Existing training-free video anomaly detection methods suffer from unstable performance and poor interpretability in complex or hierarchical scenes due to their reliance on static prompts and neglect of scene geometry. This work proposes MM-VAD, a novel framework that, for the first time, models scene hierarchy in hyperbolic space and reformulates anomaly detection as a test-time adaptive inference process. It constructs hierarchical semantic representations via hyperspherical embeddings, leverages a frozen large language model’s question-answering mechanism for context-aware judgment, and employs lightweight prompt optimization together with covariance-aware Mahalanobis distance alignment. Requiring no training, the method achieves state-of-the-art results across four benchmarks, attaining AUC scores of 90.03% (XD-Violence), 83.24% (UCF-Crime), 96.95% (ShanghaiTech), and 98.81% (UCSD Ped2).

Training-free video anomaly detection (VAD) has recently emerged as a scalable alternative to supervised approaches, yet existing methods largely rely on static prompting and geometry-agnostic feature fusion. As a result, anomaly inference is often reduced to shallow similarity matching over Euclidean embeddings, leading to unstable predictions and limited interpretability, especially in complex or hierarchically structured scenes. We introduce MM-VAD, a geometry-aware semantic reasoning framework for training free VAD that reframes anomaly detection as adaptive test-time inference rather than fixed feature comparison.
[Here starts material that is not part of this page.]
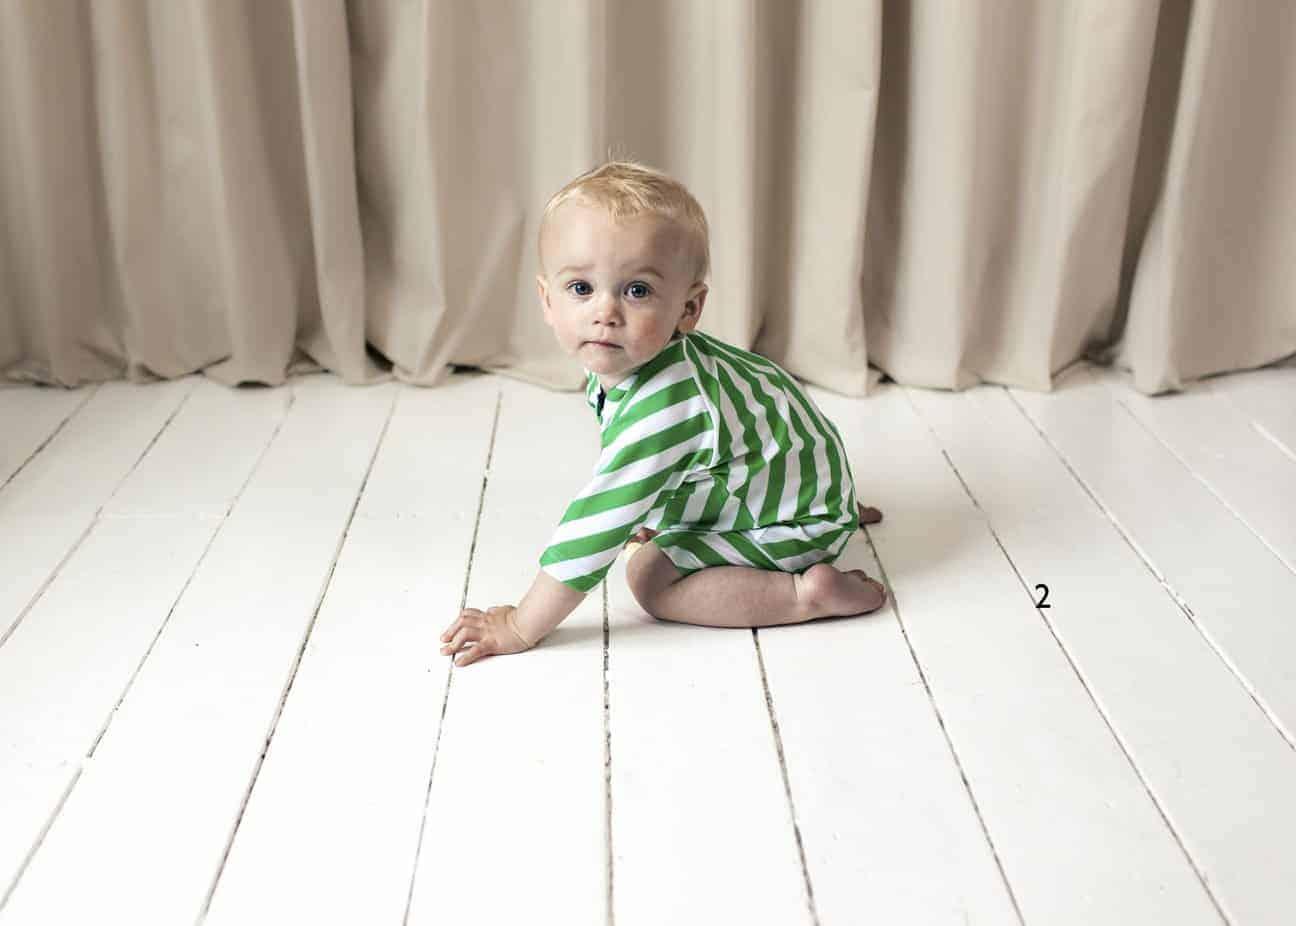 b047df6b9860 Baby Swim Romper - Diagonal Stripes - fistukidz.com

Our approach projects caption-derived scene representations into hyperbolic space to better preserve hierarchical structure and performs anomaly assessment through an adaptive question answering process over a frozen large language model. A lightweight, learnable prompt is optimised at test time using an unsupervised confidence-sparsity objective, enabling context-specific calibration without updating any backbone parameters. To further ground semantic predictions in visual evidence, we incorporate a covariance-aware Mahalanobis refinement that stabilises cross-modal alignment. Across four benchmarks, MM-VAD consistently improves over prior training-free methods, achieving 90.03% AUC on XD-Violence and 83.24%, 96.95%, and 98.81% on UCF-Crime, ShanghaiTech, and UCSD Ped2, respectively. Our results demonstrate that geometry-aware representation and adaptive semantic calibration provide a principled and effective alternative to static Euclidean matching in training-free VAD.